= Work request =
The whole listing, exactly as given: write it out, leaving out each image.

= Data segment =
►
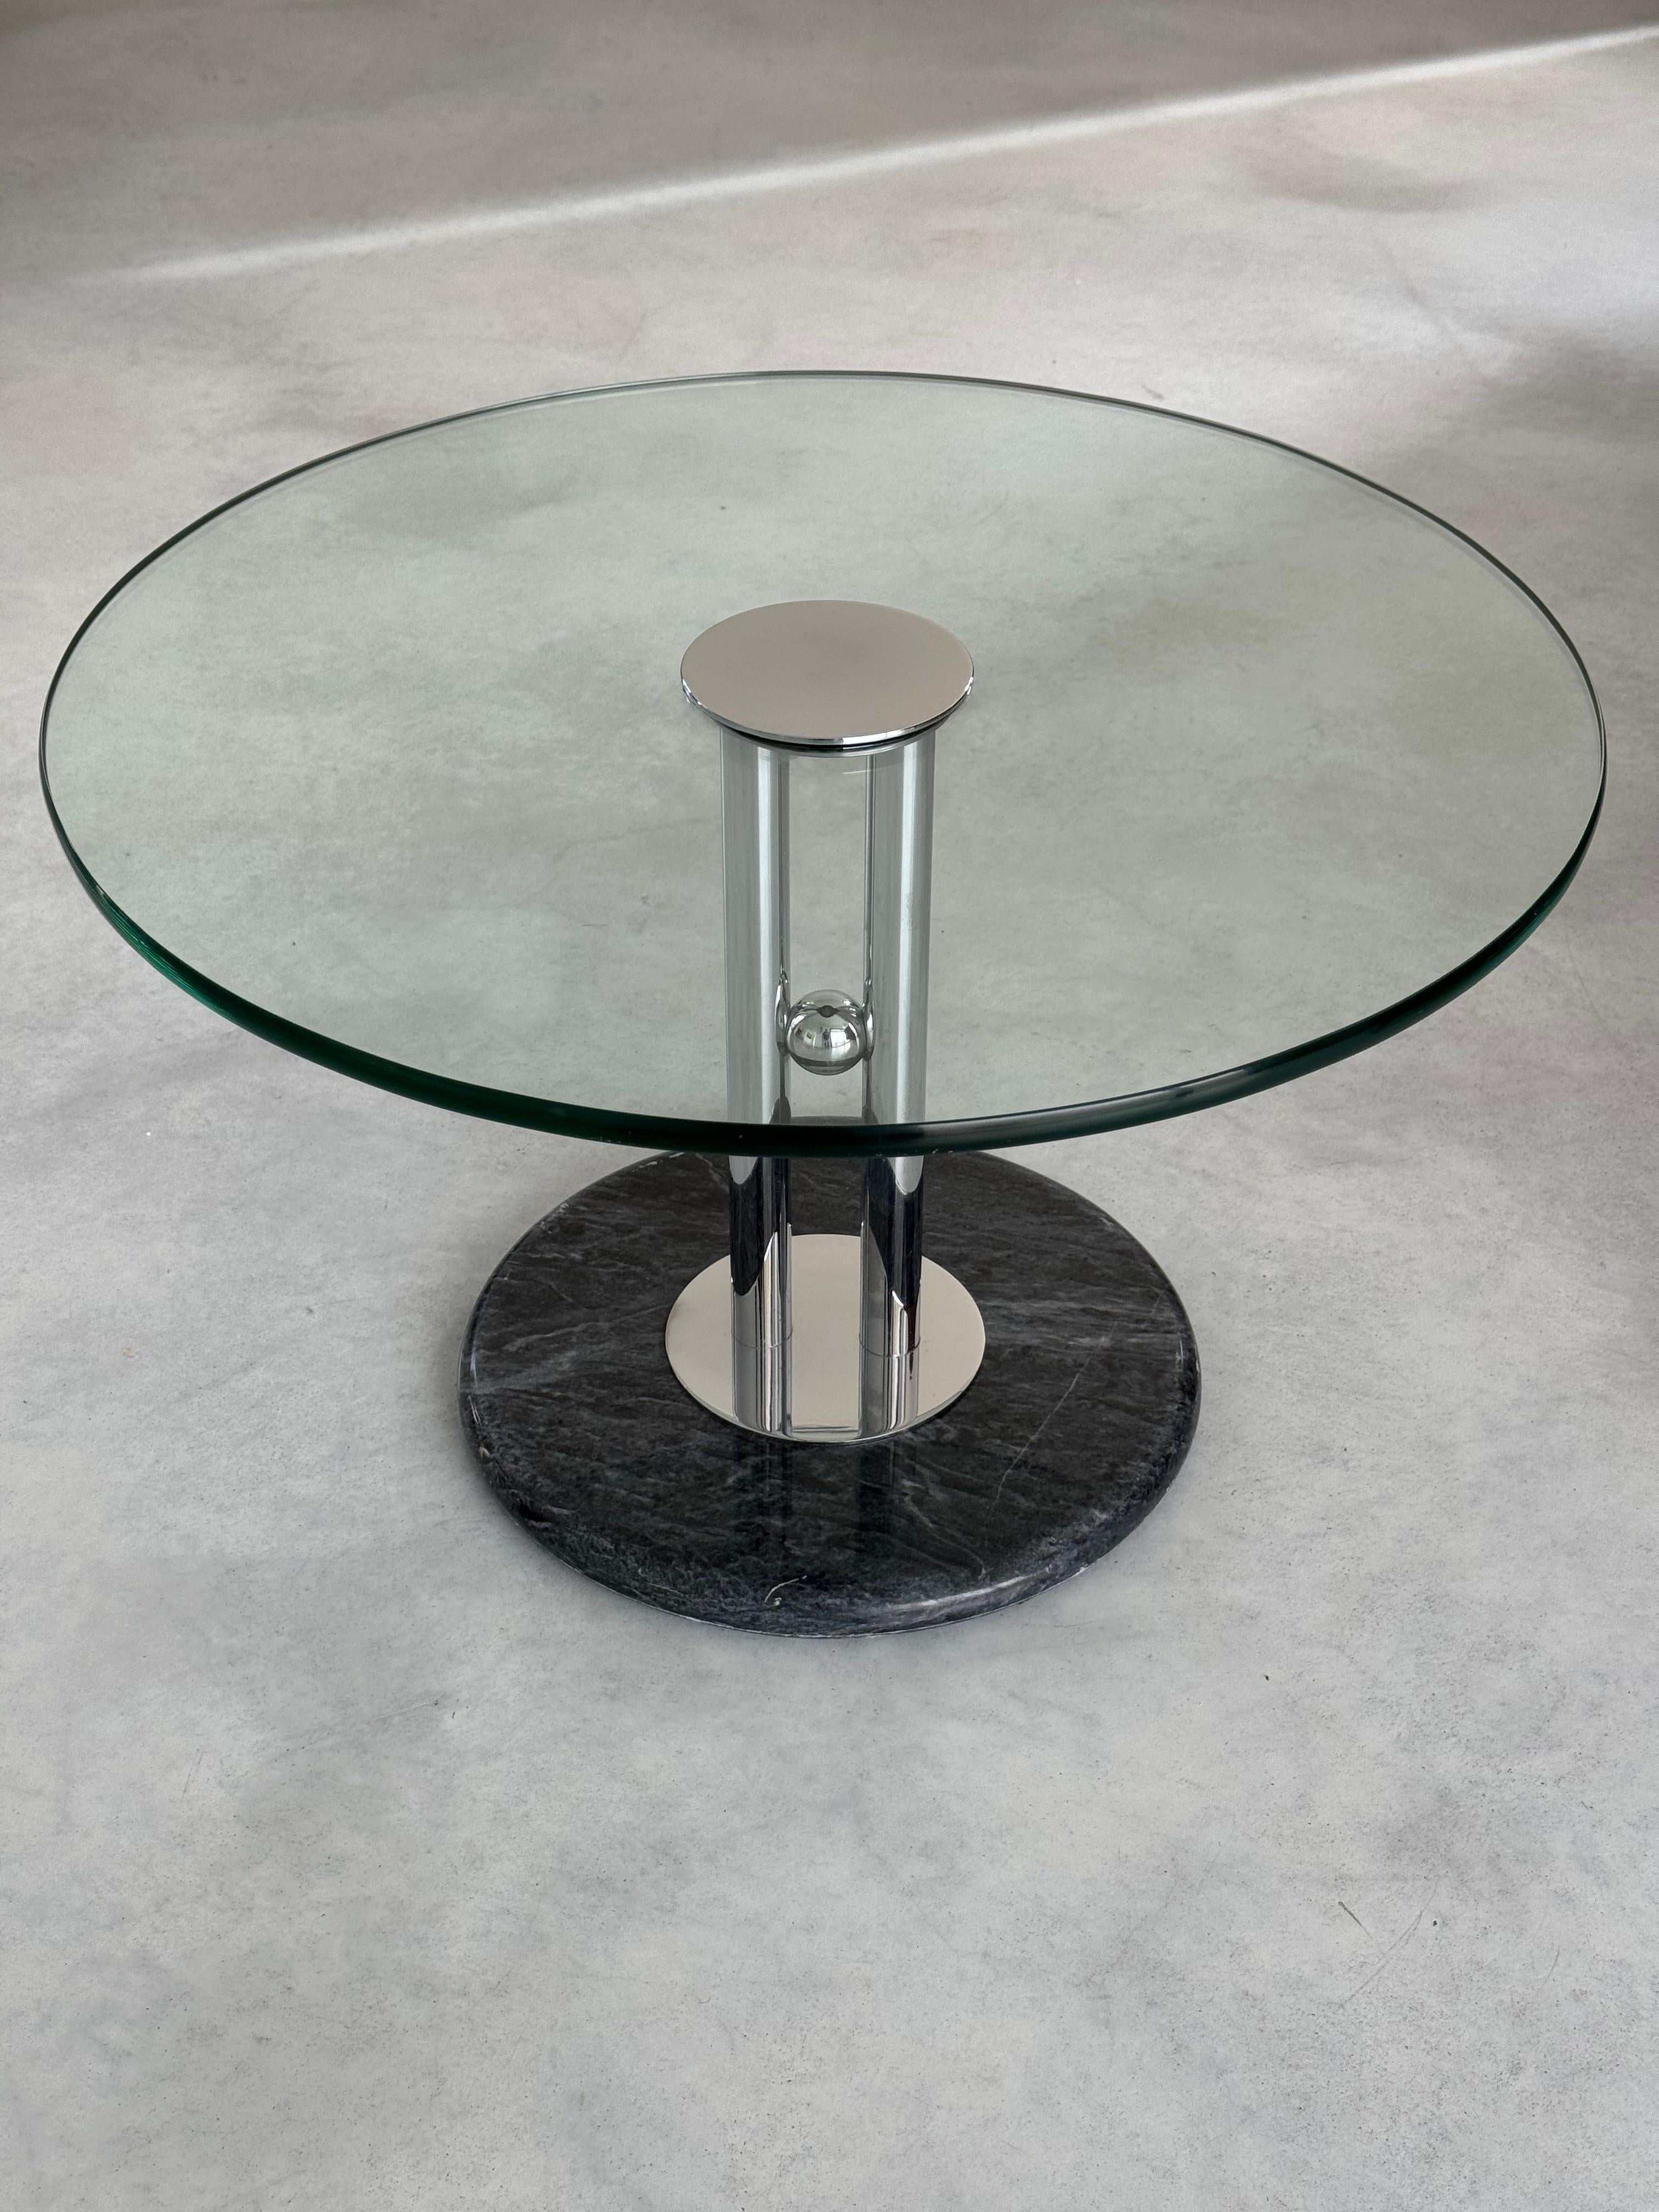 Post-Modern designer coffee table.
Marble base, chrome structure composed of two parallel cylinders and a sphere. Circular safety glass top (thickness 2.5 cm, diameter 65 cm).
The table is in good condition, traces of use and time spent.

Italian
◄
= Response to the exercise =
 Post-Modern designer coffee table.
Marble base, chrome structure composed of two parallel cylinders and a sphere. Circular safety glass top (thickness 2.5 cm, diameter 65 cm).
The table is in good condition, traces of use and time spent.

Italian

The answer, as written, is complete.